BEGIN EXERCISE DATA

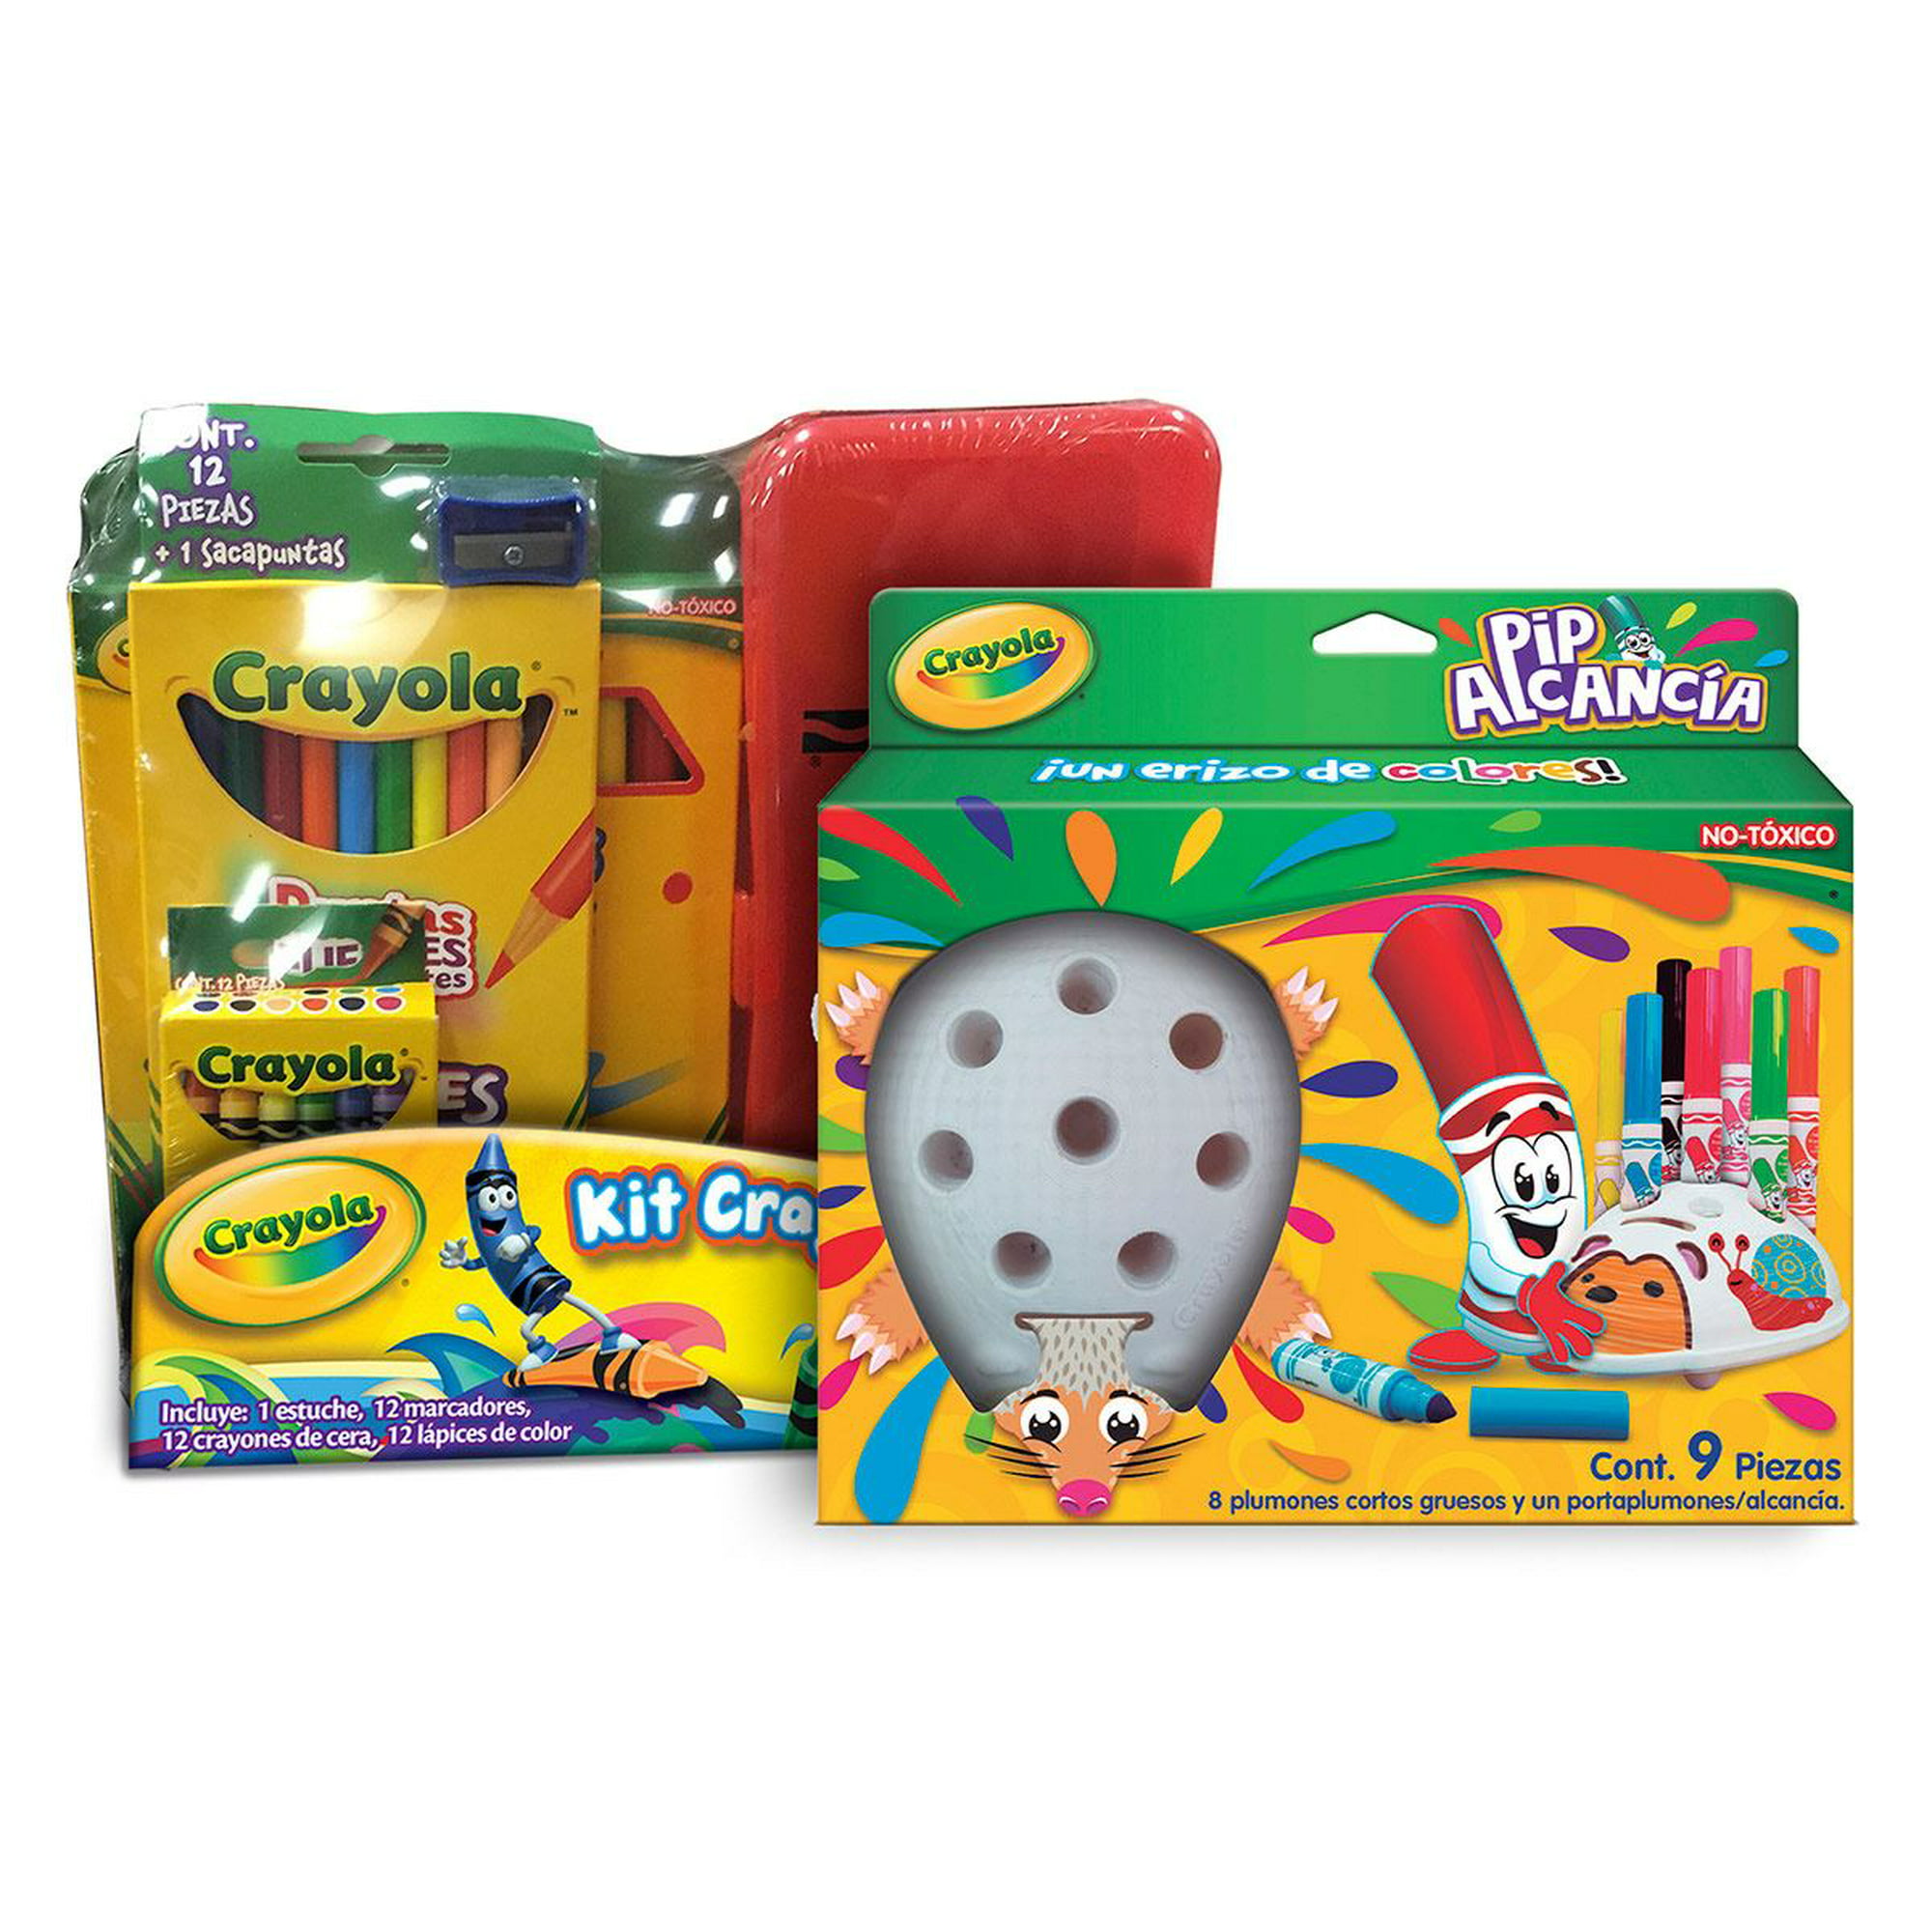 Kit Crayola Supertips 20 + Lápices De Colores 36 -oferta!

END EXERCISE DATA
BEGIN EXERCISE DATA

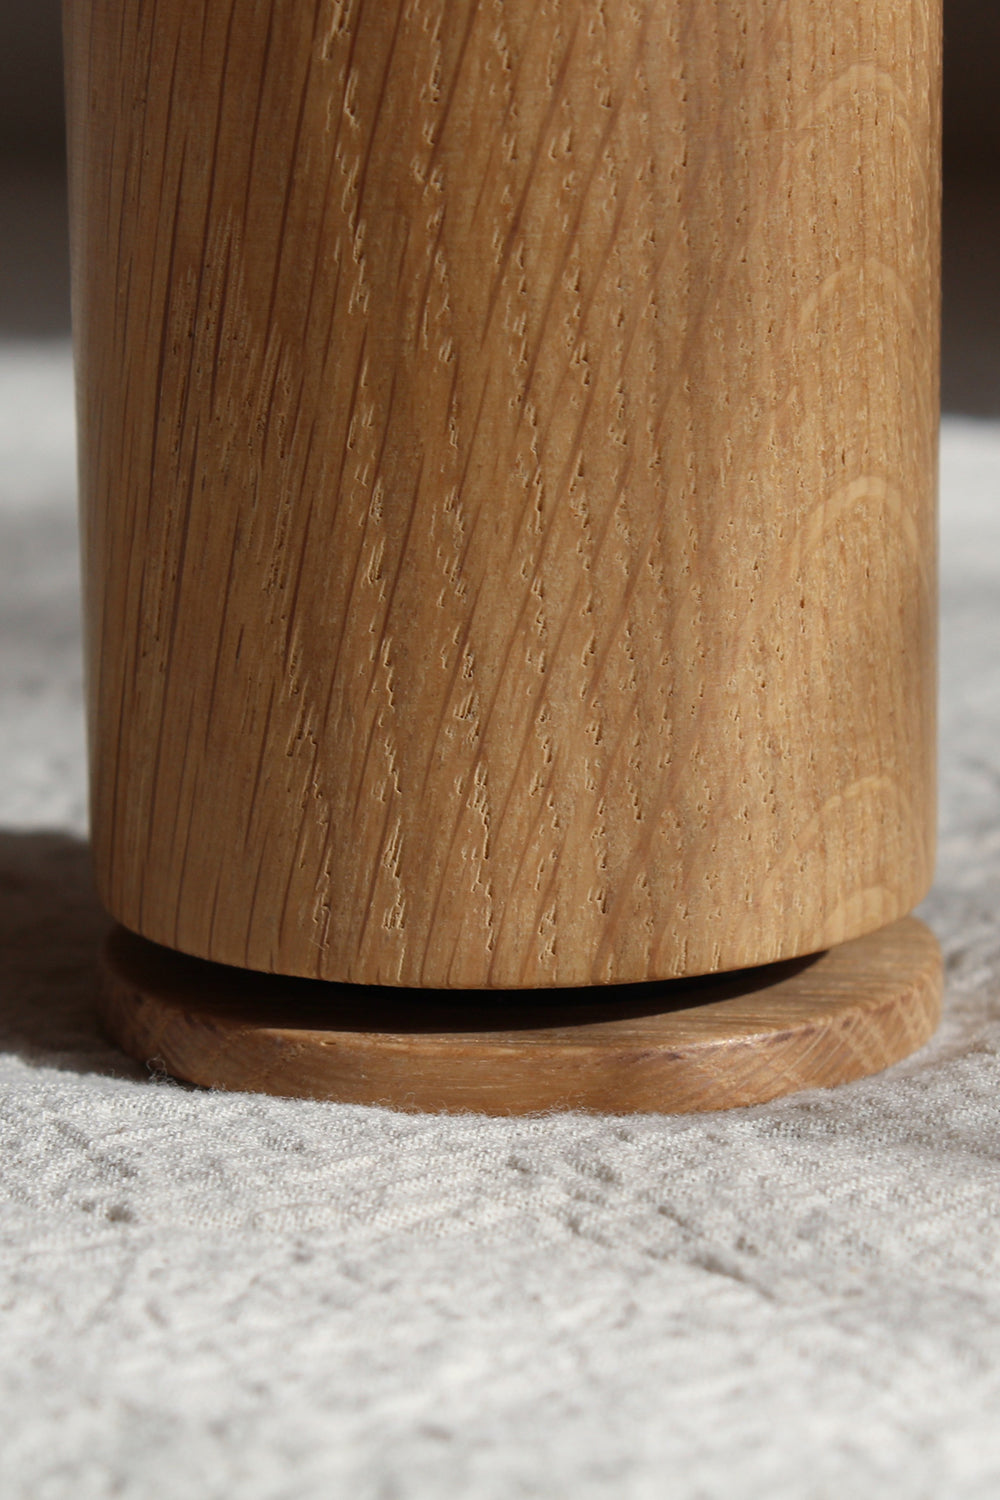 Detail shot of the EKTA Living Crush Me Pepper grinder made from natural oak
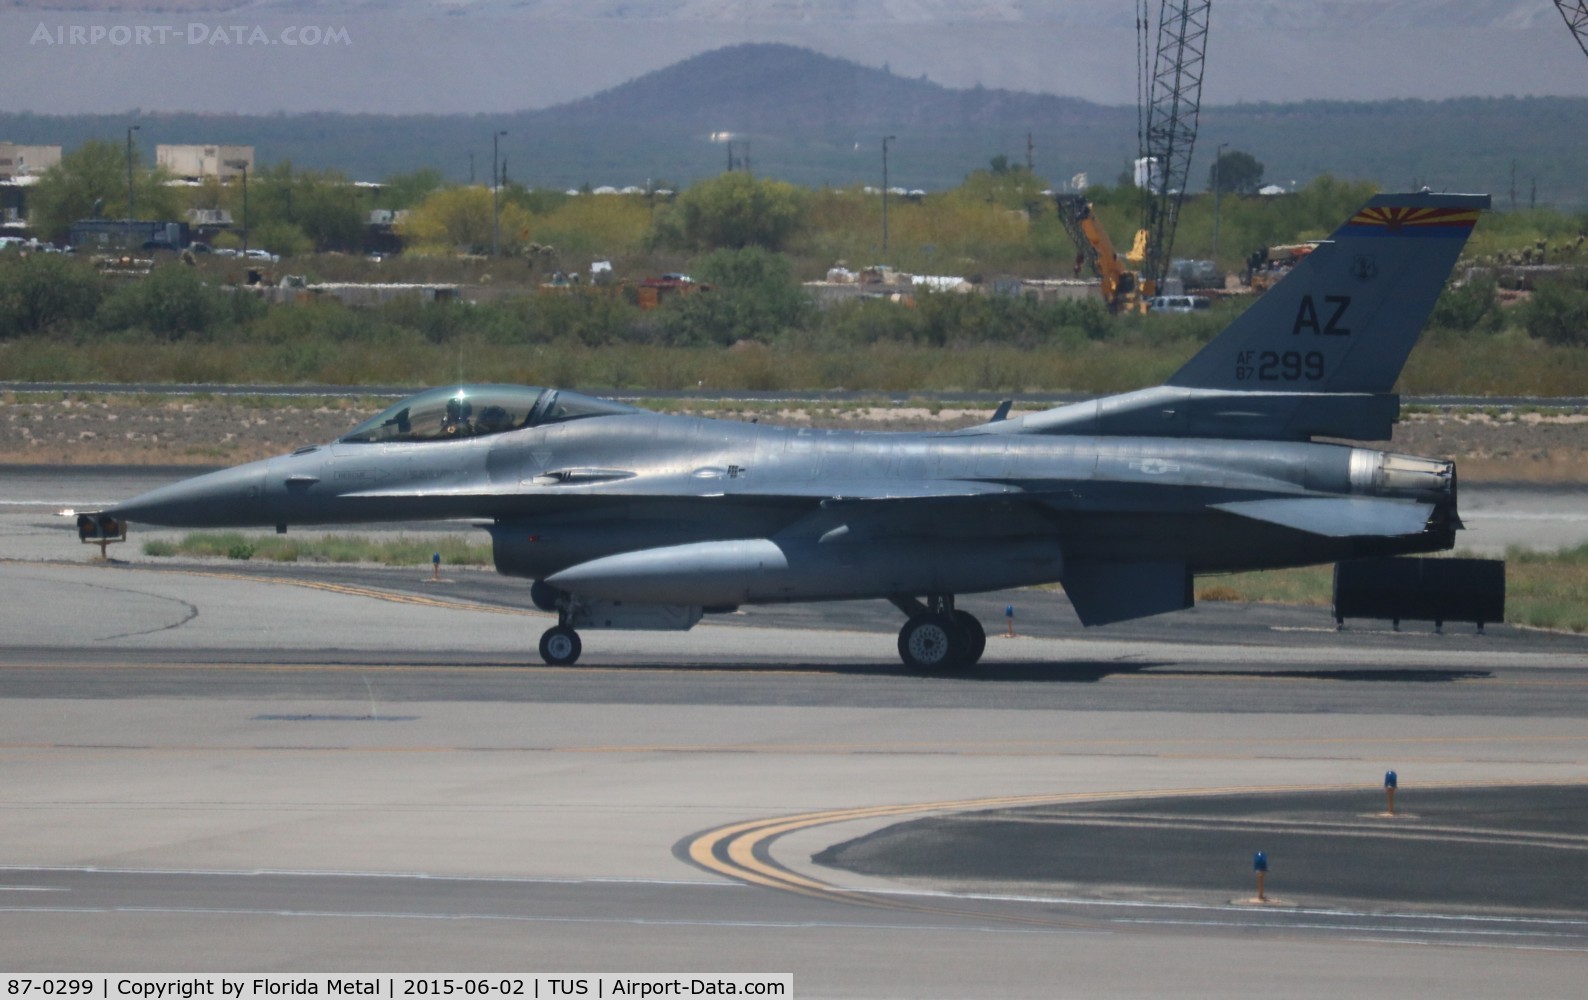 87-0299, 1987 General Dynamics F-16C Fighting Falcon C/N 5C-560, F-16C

END EXERCISE DATA

* [AIM OF THE EXERCISE]
Set down again, word for word, every line from the one with "Detail shot of" to the one with "87-0299, 1987 General" in the entries above, and omit the pictures.

* [SOLUTION BELOW]
 Detail shot of the EKTA Living Crush Me Pepper grinder made from natural oak
 87-0299, 1987 General Dynamics F-16C Fighting Falcon C/N 5C-560, F-16C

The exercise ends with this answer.